● Materials provided:
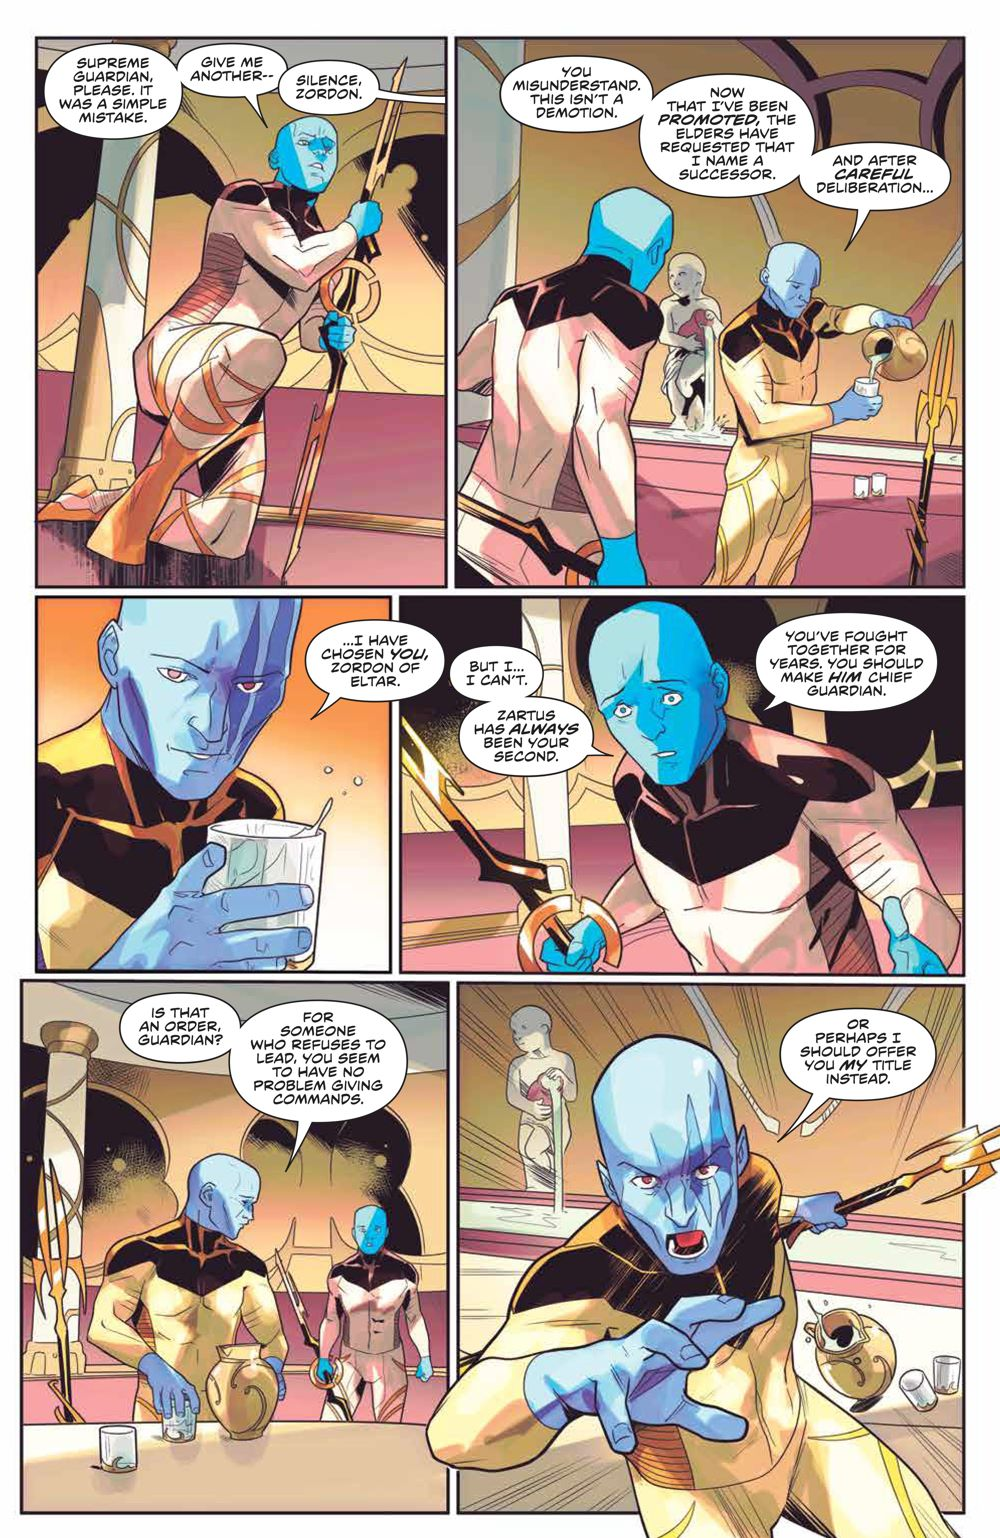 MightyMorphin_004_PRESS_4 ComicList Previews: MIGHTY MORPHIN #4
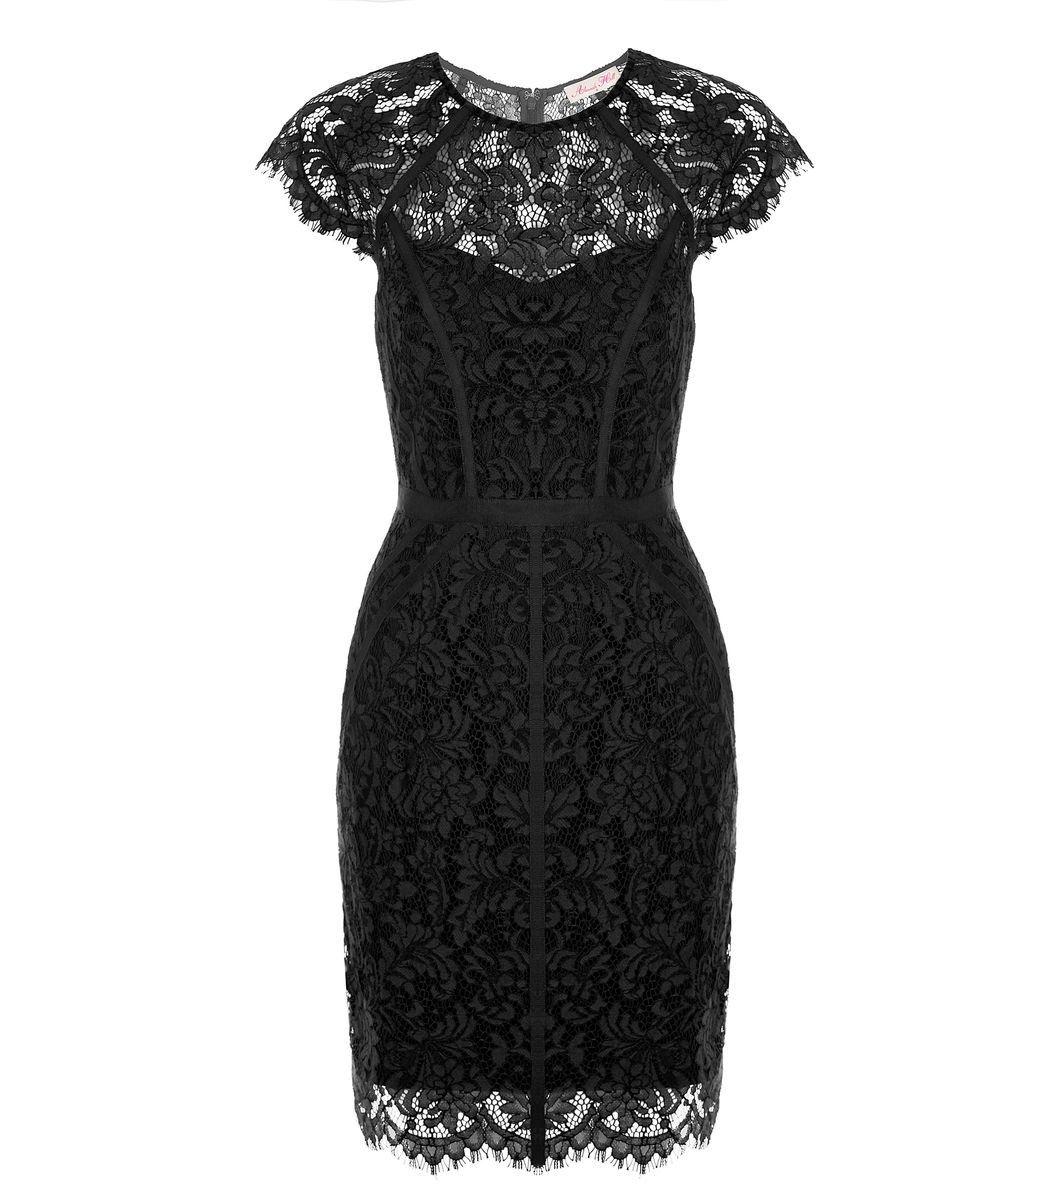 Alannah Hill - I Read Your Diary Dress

--

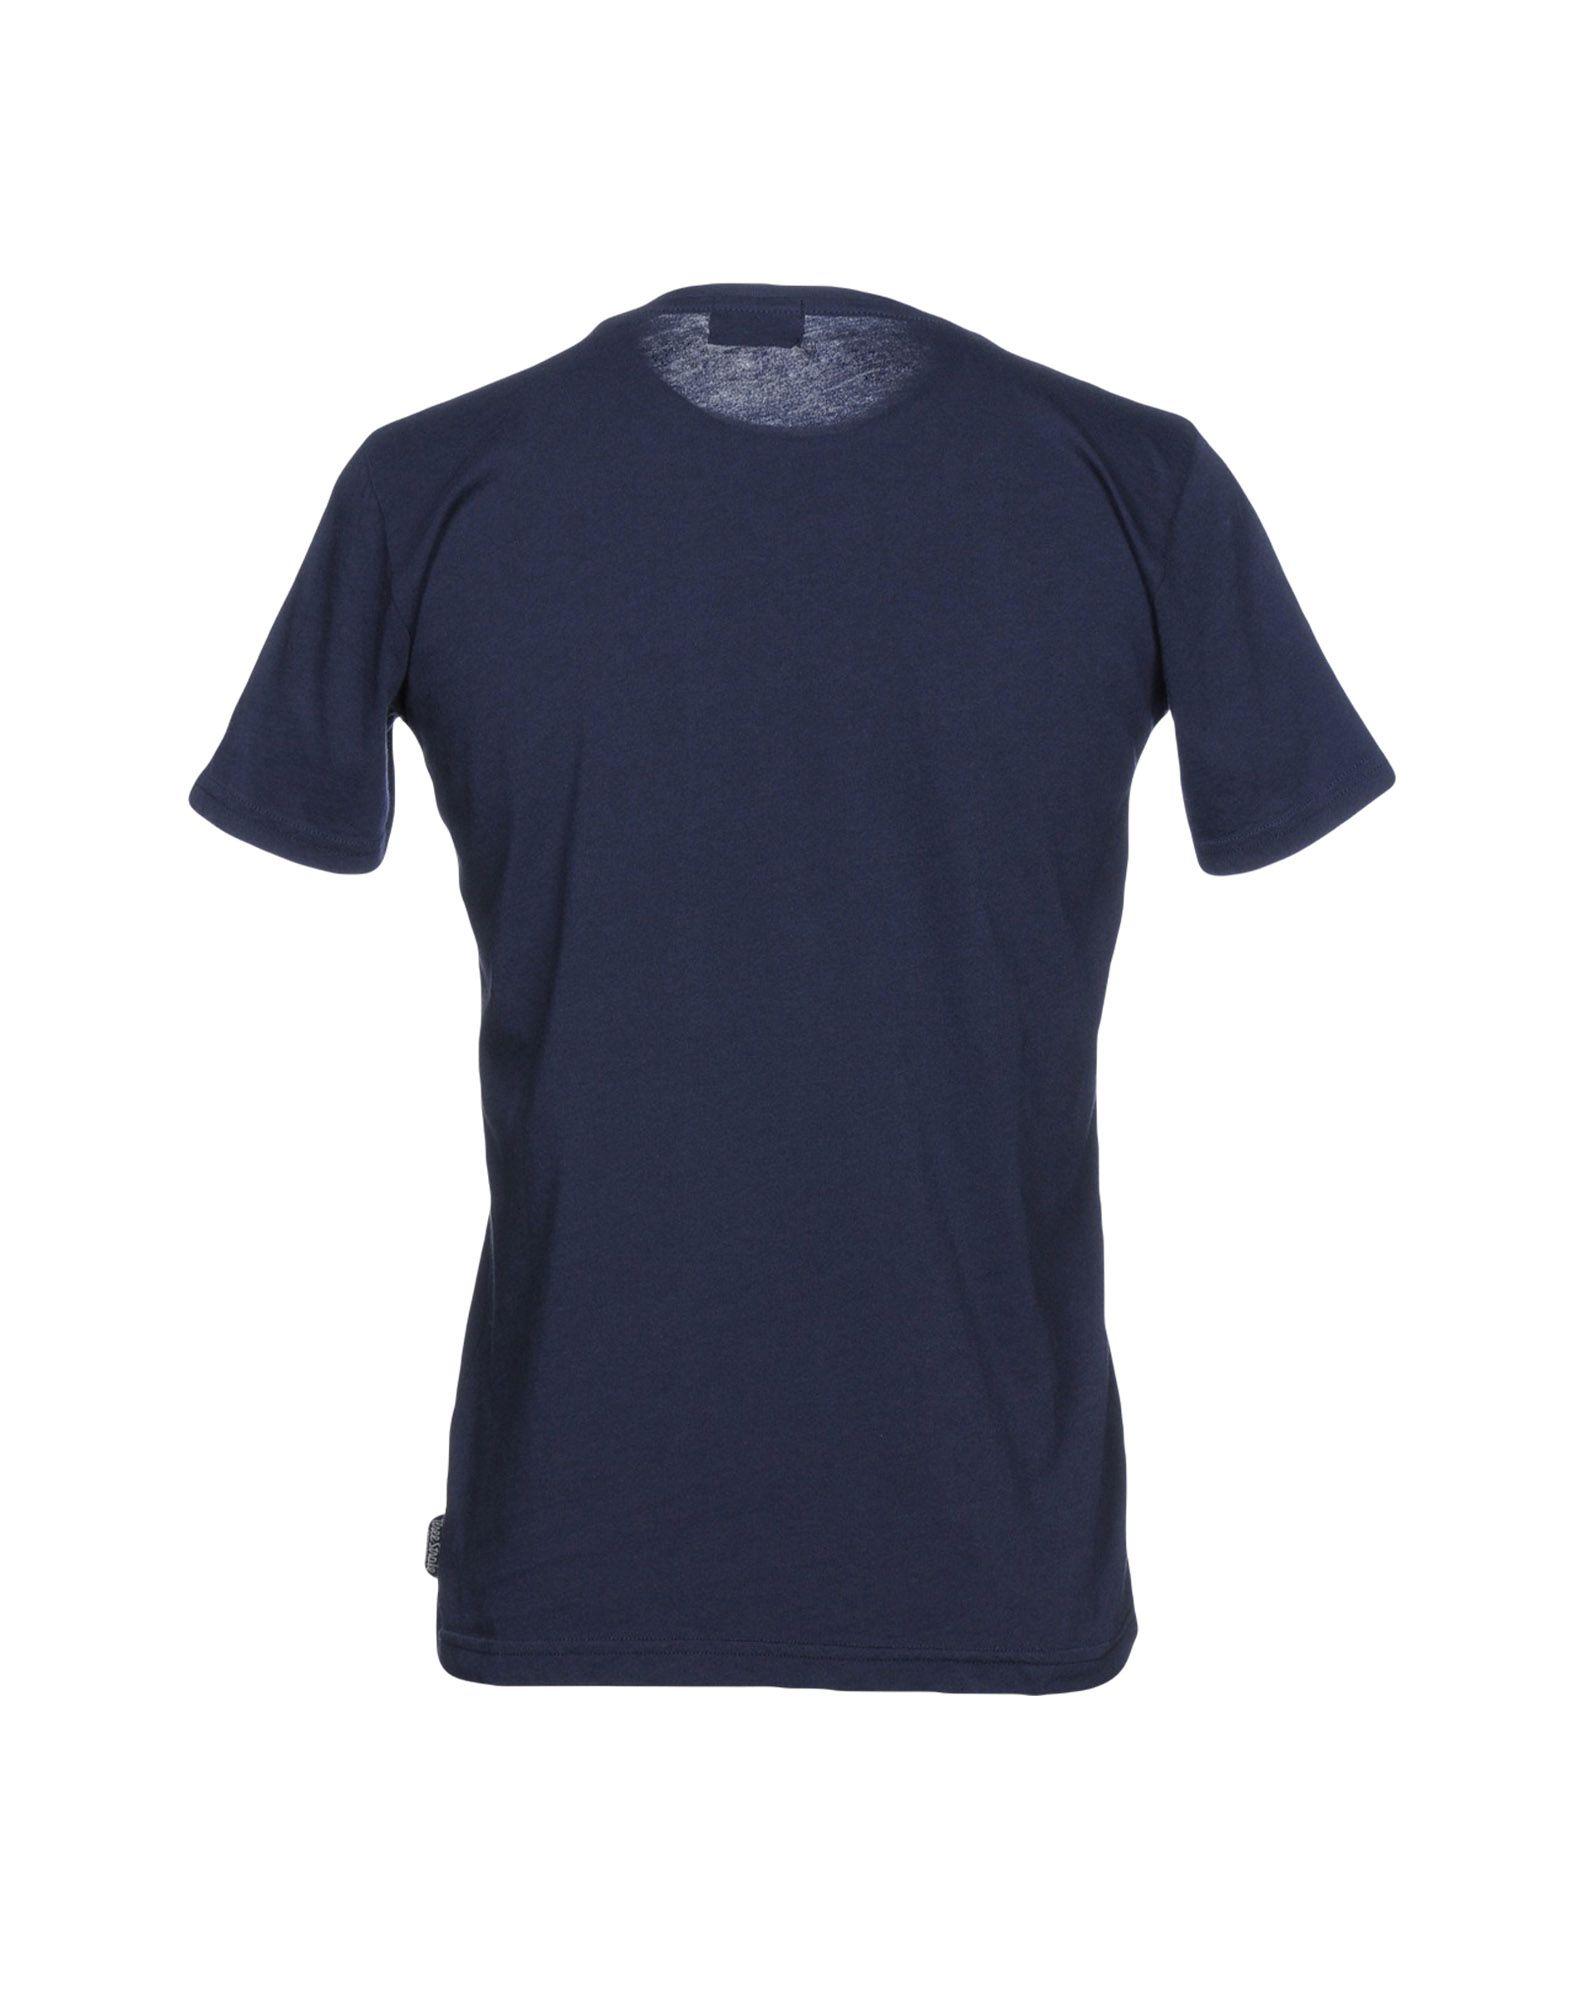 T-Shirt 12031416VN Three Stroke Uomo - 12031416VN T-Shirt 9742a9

---

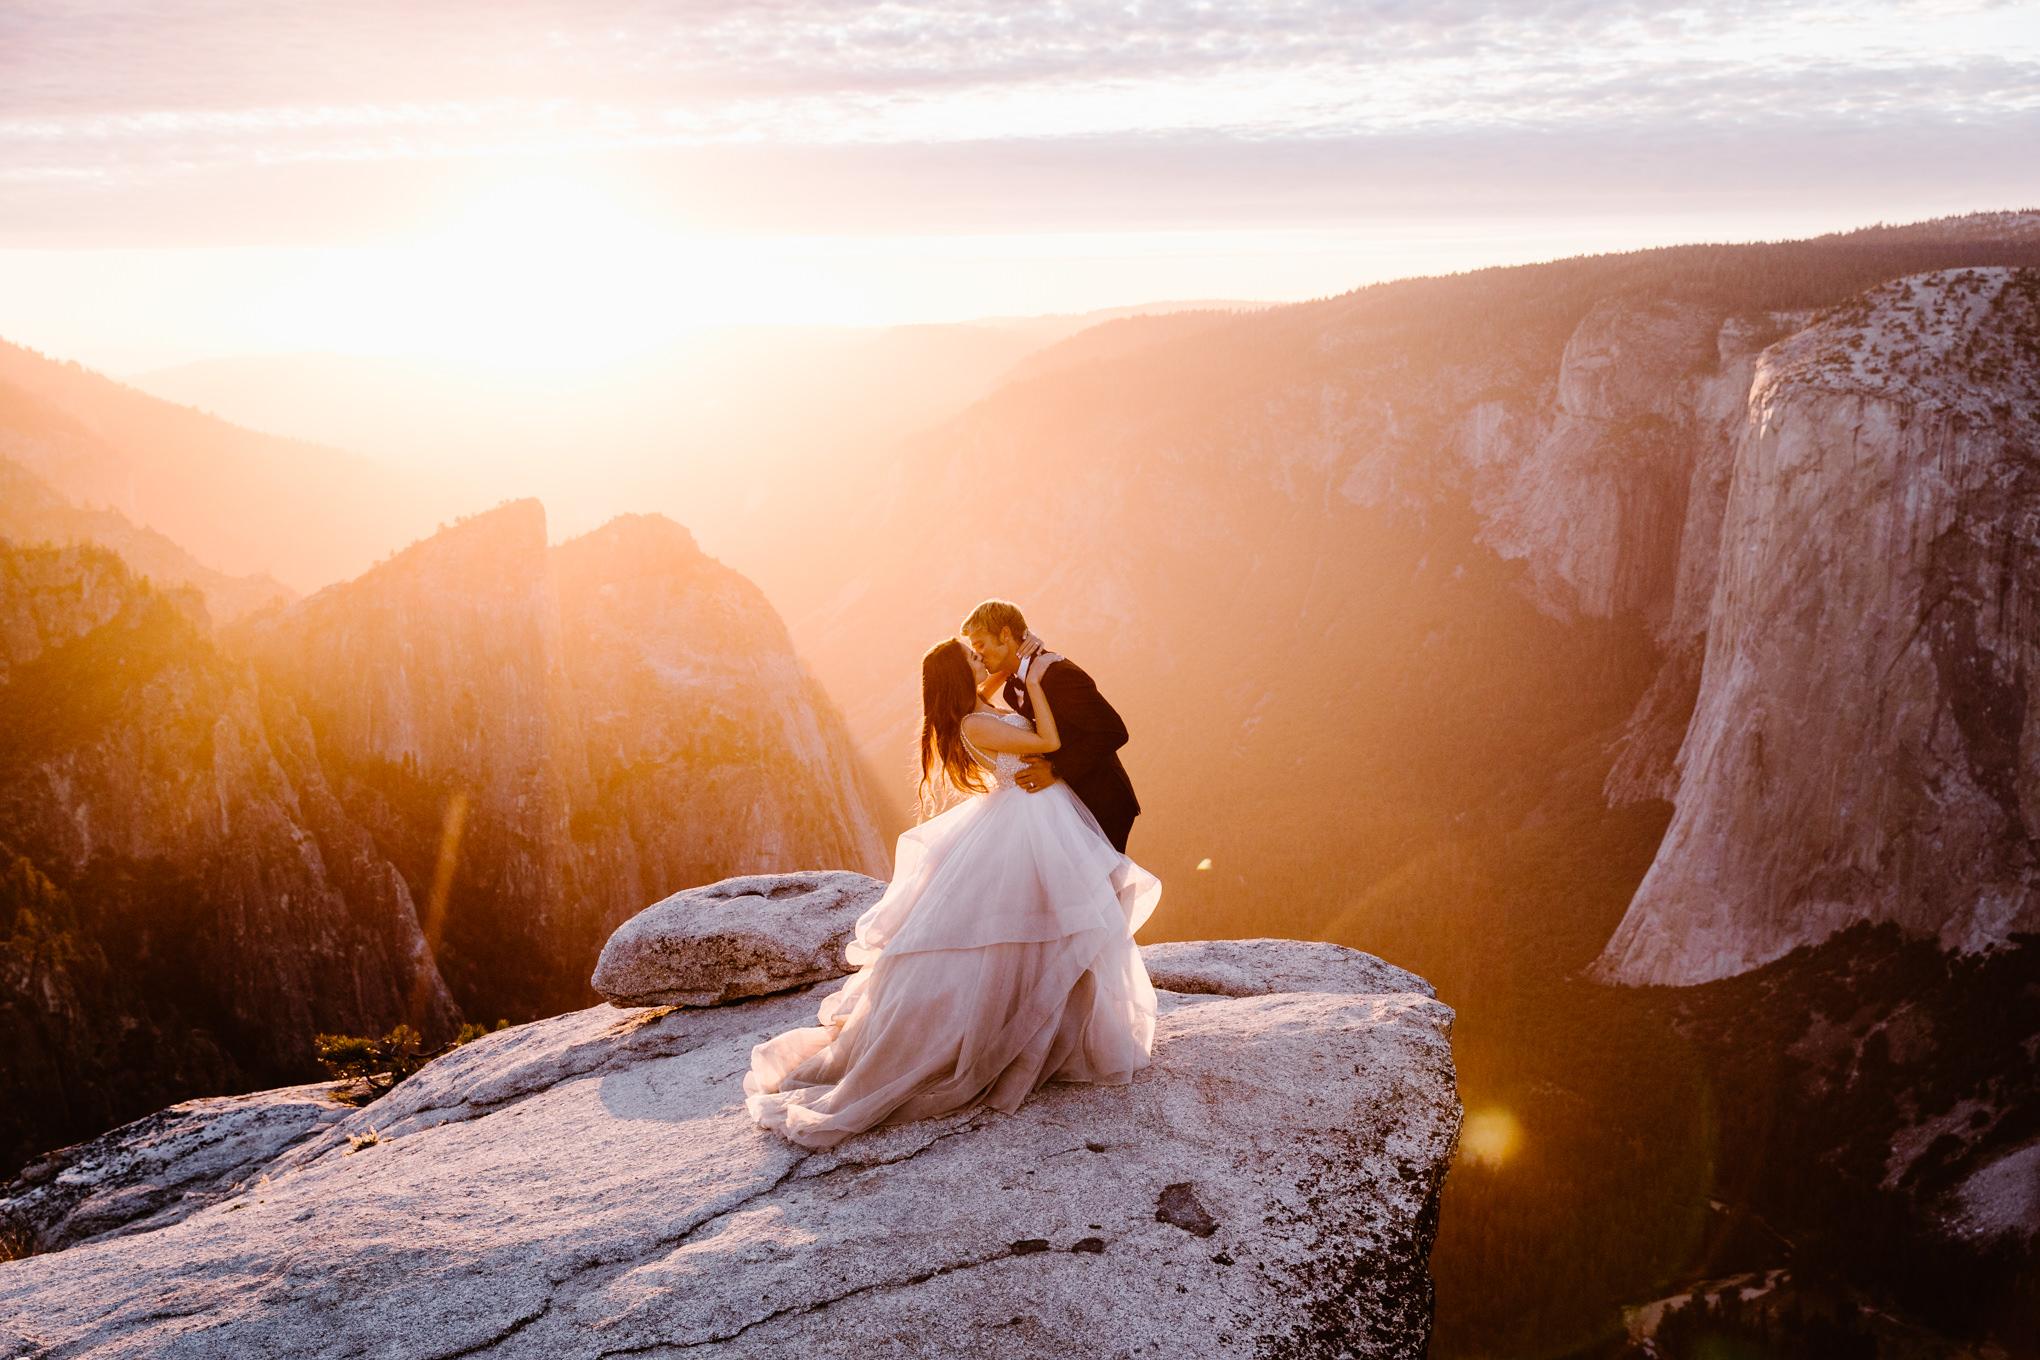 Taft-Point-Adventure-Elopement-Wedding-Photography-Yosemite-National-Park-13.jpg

● Try it: Give exactly the lines above that run from the line with "MightyMorphin_004_PRESS_4 ComicList Previews: MIGHTY" to the line with "Alannah Hill - I Read Your Diary Dress", both included, leaving every picture out.

● Answer section:
 MightyMorphin_004_PRESS_4 ComicList Previews: MIGHTY MORPHIN #4
 Alannah Hill - I Read Your Diary Dress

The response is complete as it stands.